Gabinet Donalda Tuska odłożył wczoraj do poniedziałku dyskusję nad wskaźnikami, które posłużą do konstrukcji planu finansowego państwa na przyszły rok. Rada Ministrów oczekiwała szczegółowych wyjaśnień od ministra finansów, który wczoraj był w Luksemburgu na spotkaniu ministrów finansów Unii.
Ale jak dowiedziała się „Rz”, w szacunkach przekazanych przez resort finansów premierowi znalazły się 1,5-proc. inflacja i wzrost PKB o 0,5 proc. Wcześniej zakładano, że wzrost PKB wyniesie od 0,5 do 1,3 proc., a inflacja od 1,5 do 1,9 proc. – To konserwatywno-pesymistyczne założenia, ale takich oczekuje się od rządu – stwierdził Radosław Bodys, ekonomista Merrill Lynch. – Lepiej założyć negatywny scenariusz i potem się miło rozczarować. Ale ja uważam jednak, że aż tak źle nie będzie.
[srodtytul]Rynek jest bardziej optymistyczny[/srodtytul]
Prognoza banku Merrill Lynch na 2010 r. wskazuje na 2-proc. wzrost polskiej gospodarki. Szacunki innych instytucji i ekonomistów są mniej optymistyczne – ekonomiści 14 banków, których prognozy zebrała „Rz”, liczą, że będzie to 1,8 proc. Międzynarodowy Fundusz Walutowy prognozuje, że gospodarka będzie rosła w przyszłym roku w tempie 1,3 proc., a Komisja Europejska po bardzo negatywnym założeniu na ten rok, mówiącym o skurczeniu się gospodarki o 1,4 proc., prognozuje na przyszły rok wzrost o 0,8 proc.

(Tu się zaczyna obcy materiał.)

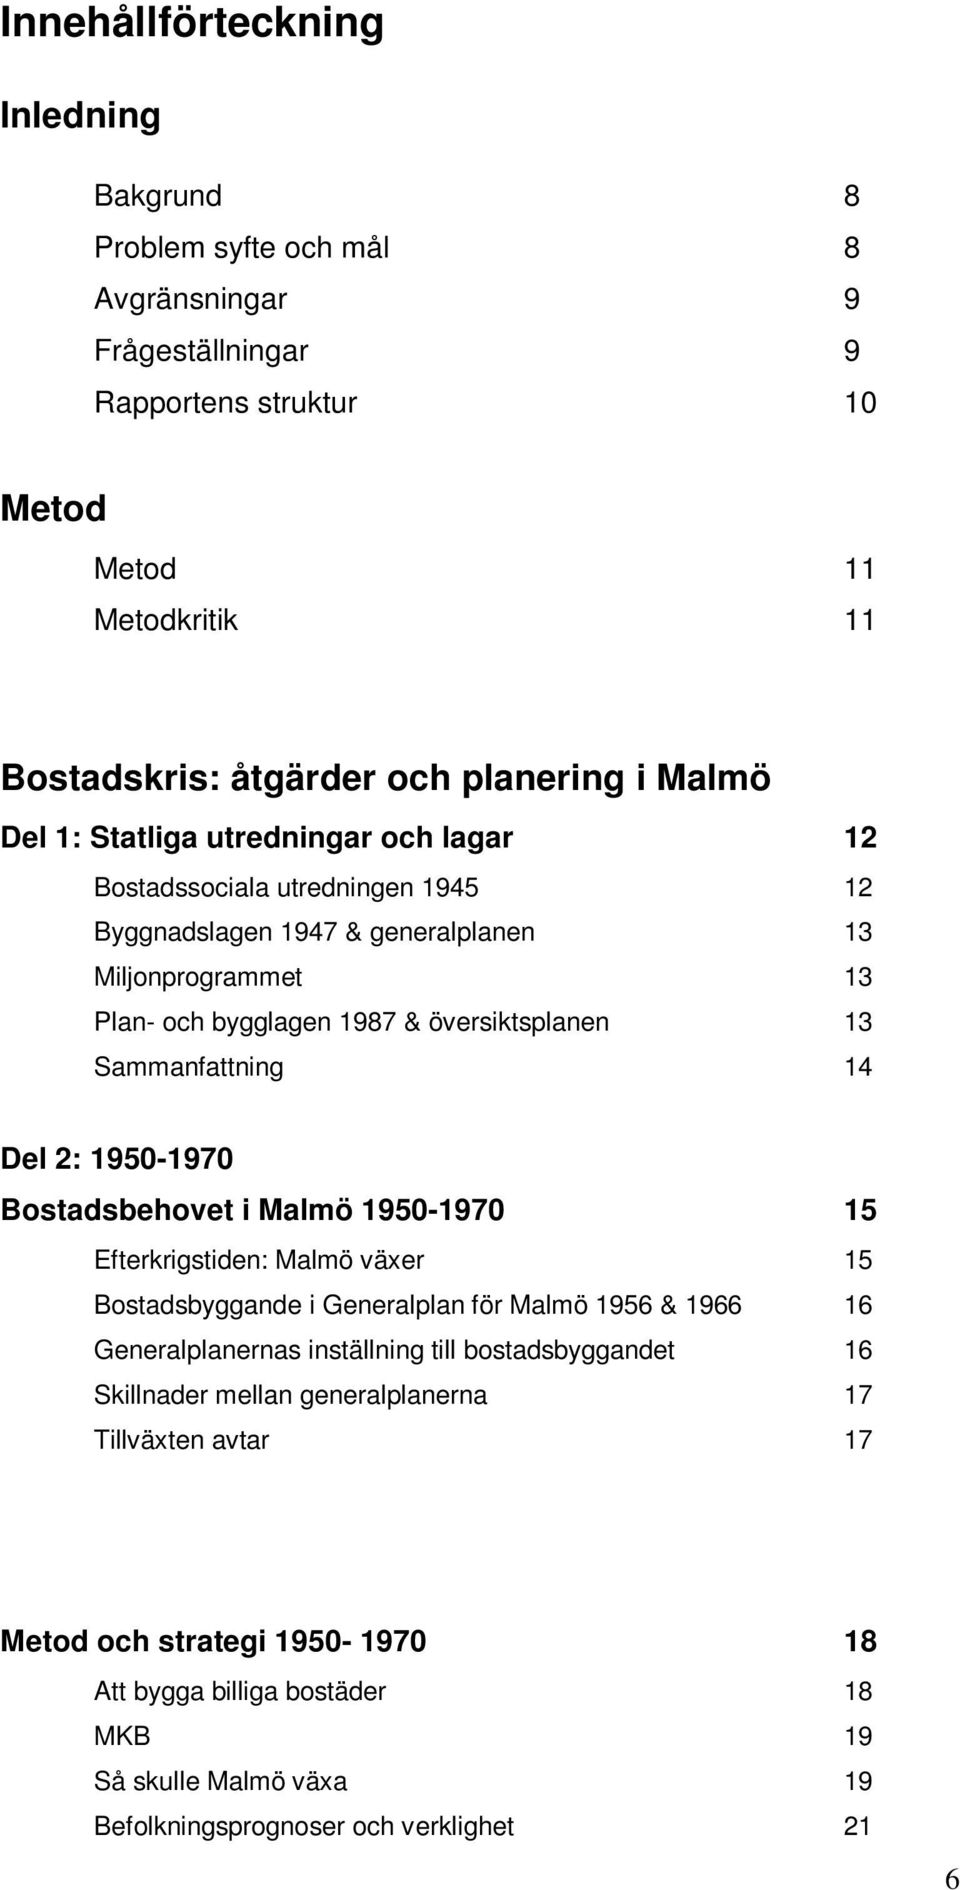 Sammanfattning 14 Del 2: 1950-1970 Bostadsbehovet i Malmö 1950-1970 15 Efterkrigstiden: Malmö växer 15 Bostadsbyggande i Generalplan för Malmö 1956 & 1966 16 Generalplanernas inställning till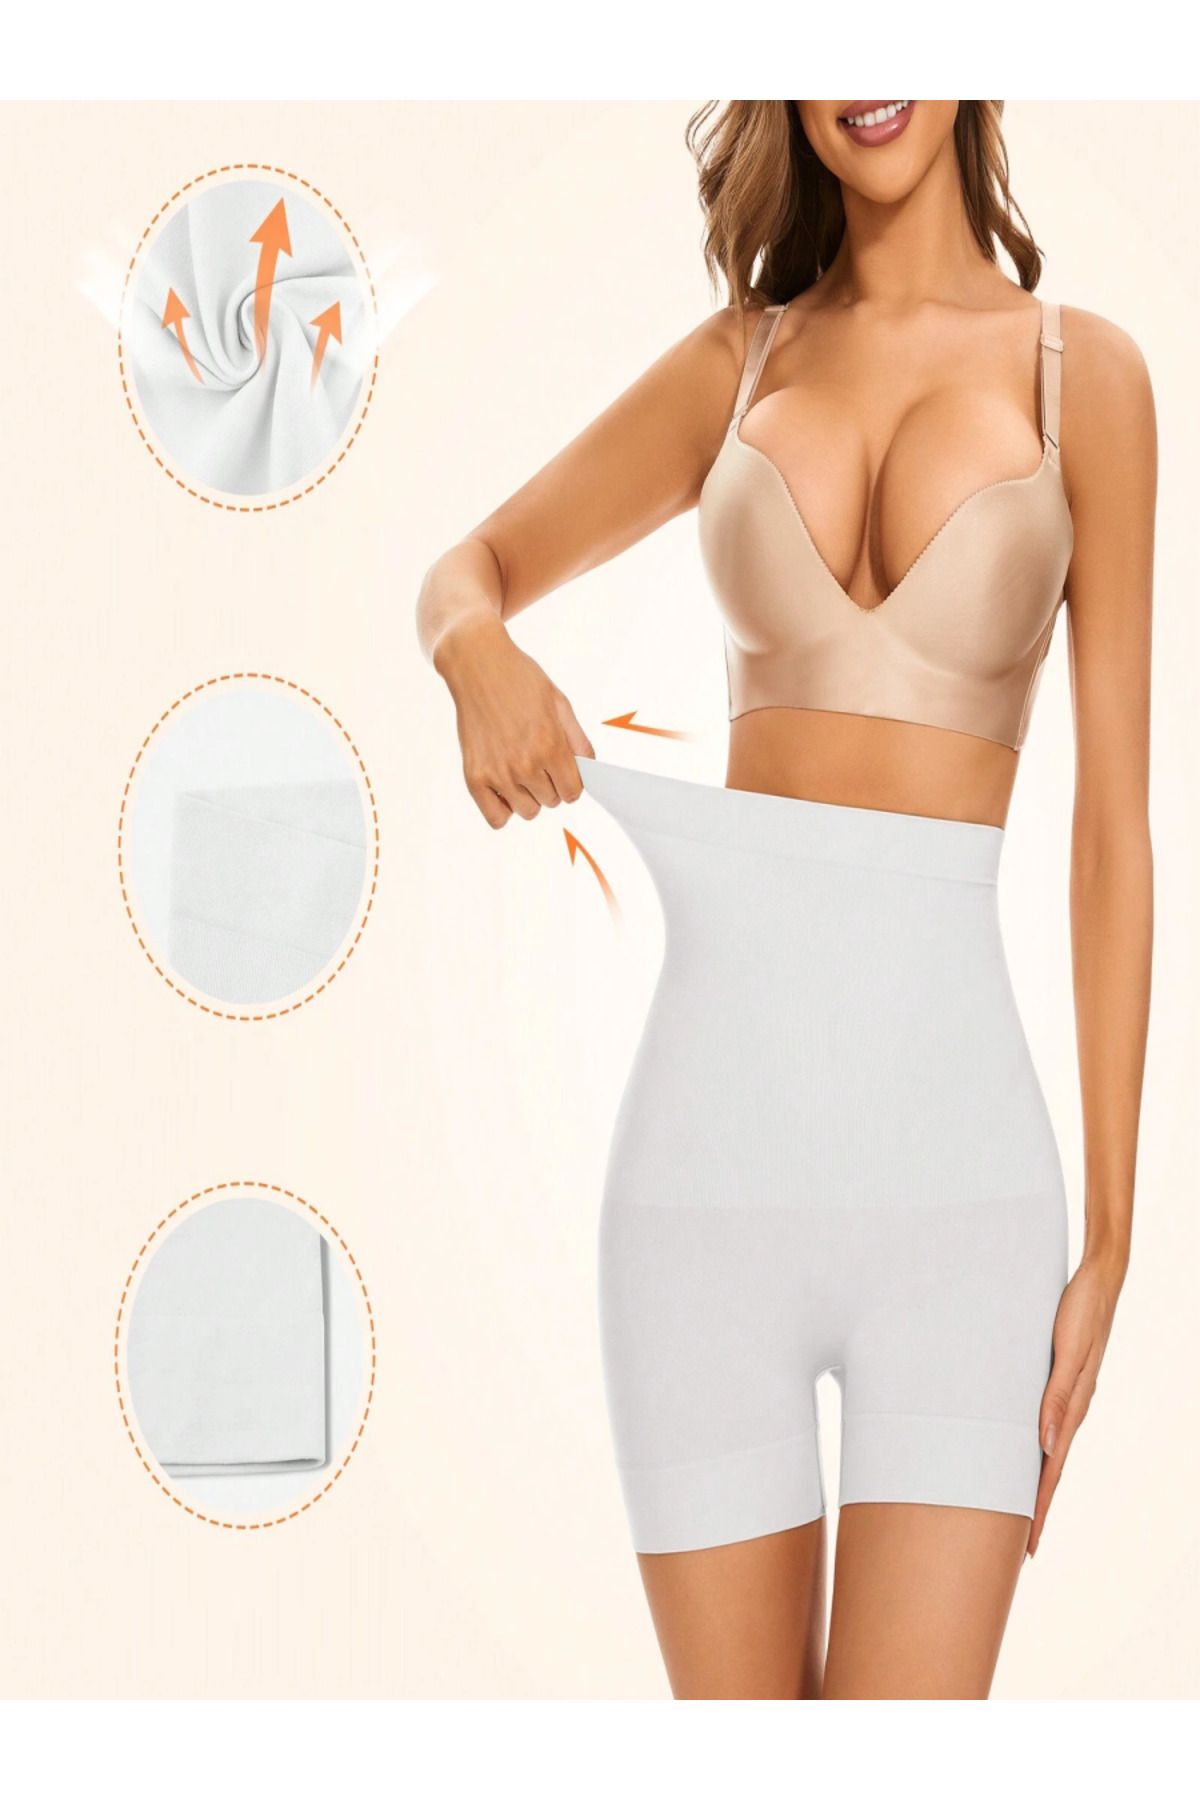 MİSTİRİK Irina Model Şort Spor Korse Seamless Model Örme Kumaş Şort Korse Push Up Beyaz Renk

Mimo to, jak przekonuje Radosław Bodys, raczej nie należy się spodziewać w przyszłym roku wzrostu dochodów podatkowych. – Wzrost PKB będziemy zawdzięczać głównie wkładowi eksportu netto, a ten dodatkowych dochodów nie przyniesie – mówi ekonomista. – Wyższe wpływy z podatków byłby możliwe dzięki rosnącemu popytowi krajowemu, ale on, jak widzimy po pierwszym kwartale, raczej się kurczy.